[PATCHv3 8/9] ARM: OMAP2+: AM33XX: Basic suspend resume support

Vaibhav Bedia vaibhav.bedia at gmail.com
Fri Aug 30 13:39:21 EDT 2013


On Tue, Aug 27, 2013 at 5:45 PM, Kevin Hilman <khilman at linaro.org> wrote:
[...]
>
> Looking closer at this code as I'm trying to fully get my head around
> all the IPC, I have some more comments.
>
> I think the split between pm33xx.c and the M3 driver is still confusing
> here.  For example, am33xx_ping_wkup_m3(),
> am33xx_m3_state_machine_reset() and the guts of am33xx_pm_begin() all
> belong inside the M3 driver, along with all the wakeup_src stuff, which
> is info coming from the M3.
>
> IOW, the communication with M3 should be abstracted from pm33xx by the
> M3 driver (or possibly an eventual remoteproc/rpmsg implementation) with
> a well defined API.  In this implementation, the interface is pretty
> fuzzy and mixed between pm33xx.c and wkup_m3.c.
>
>

The reason for the current split was to have the M3 driver just do the minimal
that's needed to talk to get M3 and MPU talking. What made me do it this way
was to attempt to address a previous comment on keeping options open for folks
to use M3 for things other than PM stuff.
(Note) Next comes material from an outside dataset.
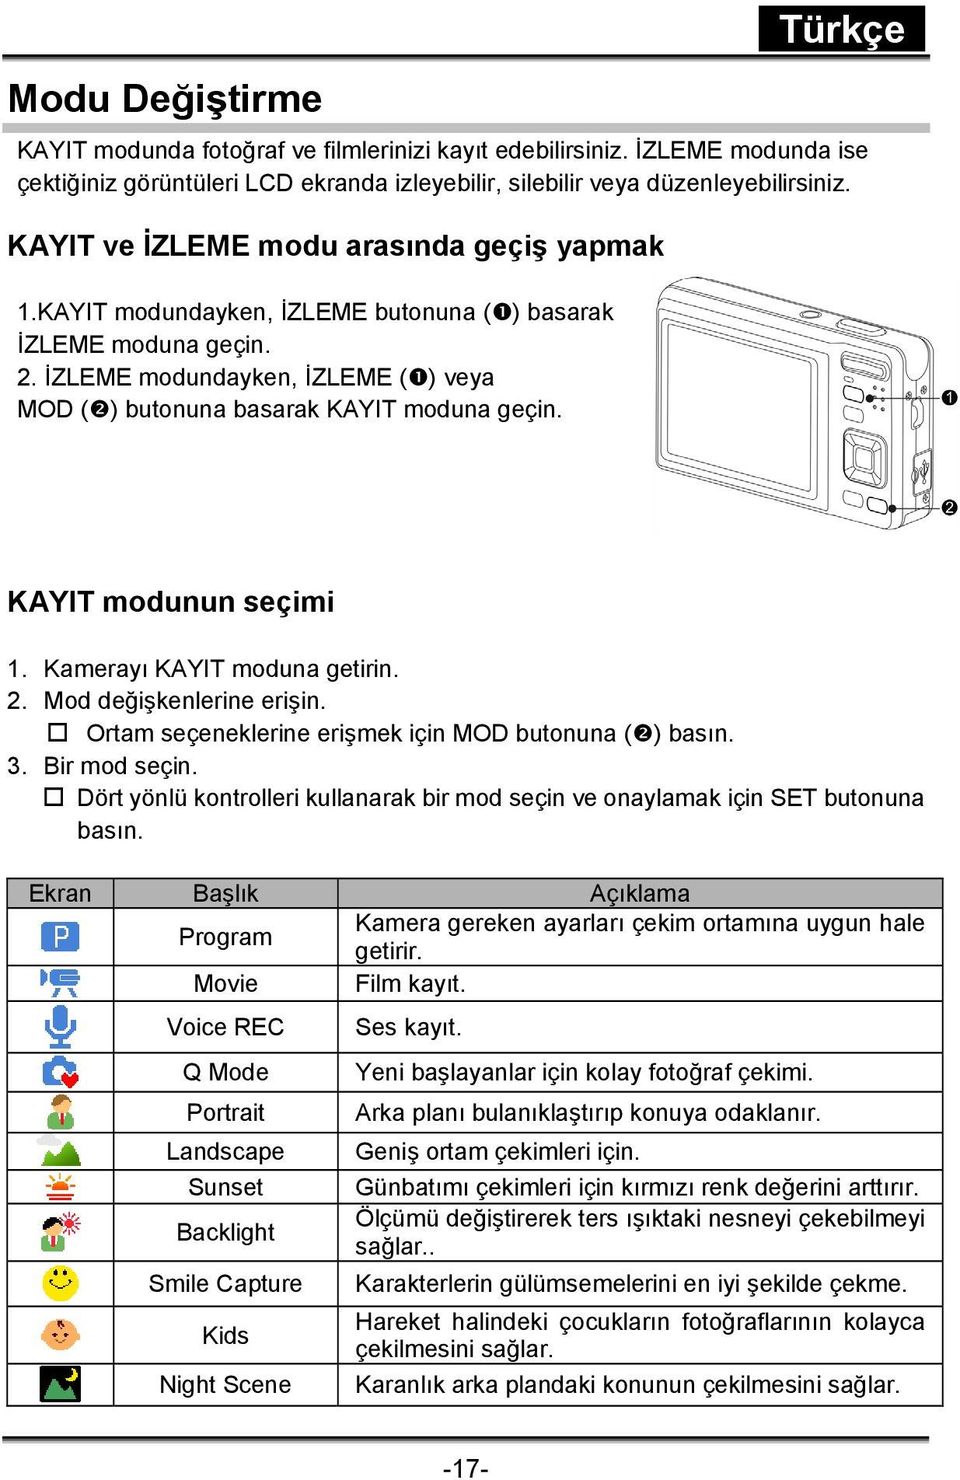 KAYIT modunun seçimi 1. Kamerayı KAYIT moduna getirin. 2. Mod değişkenlerine erişin. Ortam seçeneklerine erişmek için MOD butonuna ( ) basın. 3. Bir mod seçin.

The IPC stuff is how
implementors of the
firmware (anything other than the PM one that TI provides) want it to be.

The top level idea was to have the users of the firmware (PM in this case)
decide what functionality they want when talking to M3. They are also free to
decide the register bitfield layout and other IPC details.

This was also a feeble attempt to keep things extensible for AM437x where
in addition to the broken mailbox usage there's now a control module bit
to trigger the interrupt to M3 (what's worse? pick one that you hate more ;)
The AM437x PM routines could then just register different callbacks that
are triggered when the M3 interrupts the MPU.

Hope this clears up some of the confusion.